Using software, virtualization
creates an abstraction layer over computer hardware, dividing a single system’s
components such as processors, memory, networks and storage into multiple
virtual machines (VMs). Each VM runs its own operating system (OS) and behaves
like a separate physical computer, despite sharing the same underlying
hardware.
It allows you to create
multiple simulated environments (Virtual Machines or VMs) from a single
physical hardware system.
Before virtualization, a
physical server could only run one Operating System (OS) and frequently one
task. This wasted massive amount of resources if your app only used 10% of the
CPU, the other 90% was idle. Virtualization solves this by allowing one
physical server to host dozens of virtual servers, each running its own OS and
apps isolated from the others.
The machine on which the
virtual machine is created is known a host machine and virtual machine is
referred as a guest machine. This virtual machine is managed by a software or
firmware, which is known as hypervisor (a
hypervisor is software that separates a system’s physical resources and divides
those resources so that virtual environments can use them as needed. A
hypervisor takes physical resources (such as CPU, memory, and storage) from the
hardware and allocates them to multiple VMs at once, enabling the creation of
new VMs and the management of existing ones. Hypervisors can sit on top of an
operating system (like on a laptop) or be installed directly onto hardware
(like a server). The physical hardware, when used as a hypervisor, is called
the host, while the many VMs that use its resources are guests. )
Today, virtualization is a
fundamental practice in enterprise IT architecture and a key enabler of cloud
computing. It allows cloud service providers (CSPs) such as IBM Cloud®,
Microsoft Azure, Google Cloud and Amazon Web Services (AWS), to optimally
utilize their IT infrastructure to deliver scalable resources. For businesses,
this means they only purchase the computing resources they need and then scale
them cost-effectively as their workloads grow, maximizing their investment.
The main components
of virtualization:-
Virtualization trusts on
several key components to create and manage virtual environments. Each plays a
vital role in ensuring the effective allocation of resources so multiple VMs
can run simultaneously without interference.
i.
Physical machine
(server/computer)
ii. Virtual machine (VMs)
iii. Hypervisor
(i) Physical machine (server/computer):- The physical machine, also referred to as the “host
machine” is the hardware (e.g., server or computer) that provides CPU, memory,
storage and network resources for the virtual machines.
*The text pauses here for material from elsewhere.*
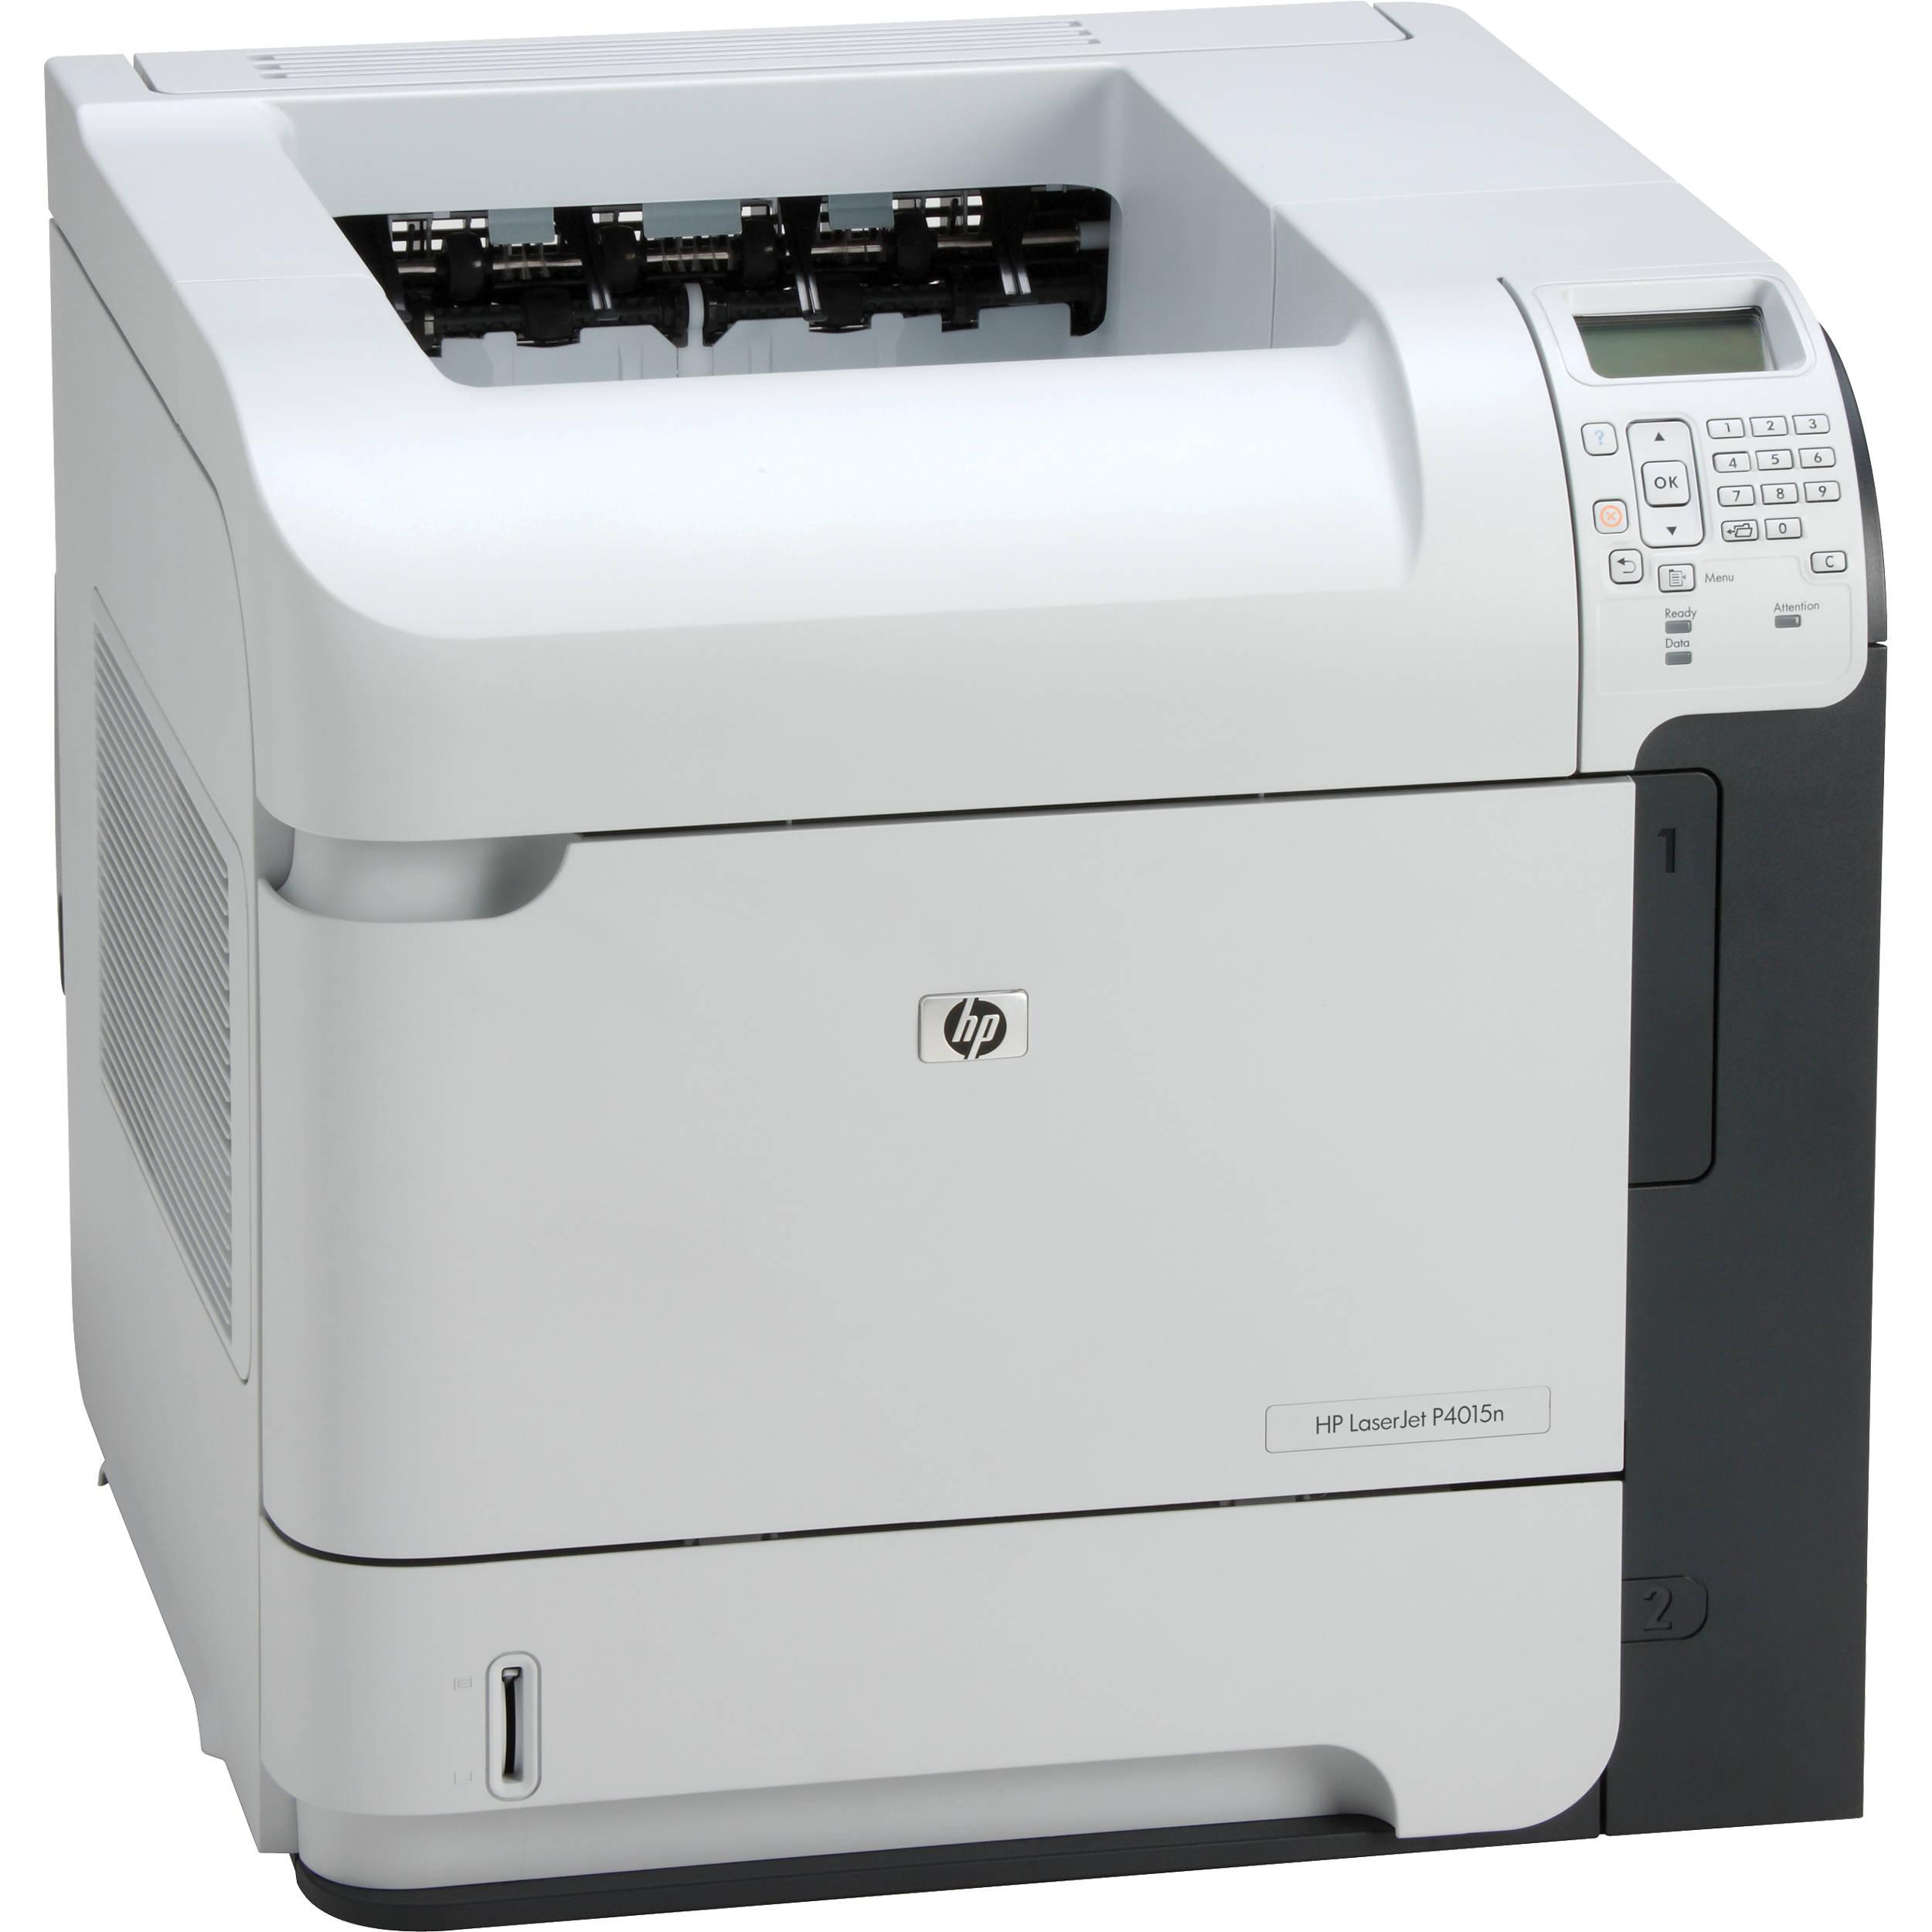 HP 4015N PRINTER WINDOWS DRIVER DOWNLOAD

(ii) Virtual machine:- A virtual machine (VM) is a virtual environment that
simulates a physical computer in software form. VMs are usually referred to as
guests, with one or more “guest” machines running on a host machine.
Virtual machines typically
consist of several files, including the configuration, storage for the virtual
hard drive and other dependencies. By sharing system resources among virtual
machines, virtualization offers on-demand scalability, efficiency and cost
savings.
(iii) Hypervisors:- A hypervisor is the software layer that coordinates
VMs. It serves as an interface between the VM and the core physical hardware,
ensuring that each has access to the physical resources it needs to execute. It
also makes sure that the VMs don’t interfere with each other by impinging on
each other’s memory space or compute cycles.
There are two types
of hypervisors:-
Type 1 hypervisors:- Type 1 or “bare-metal” hypervisors interact with the
core physical resources, replacing the traditional operating system altogether.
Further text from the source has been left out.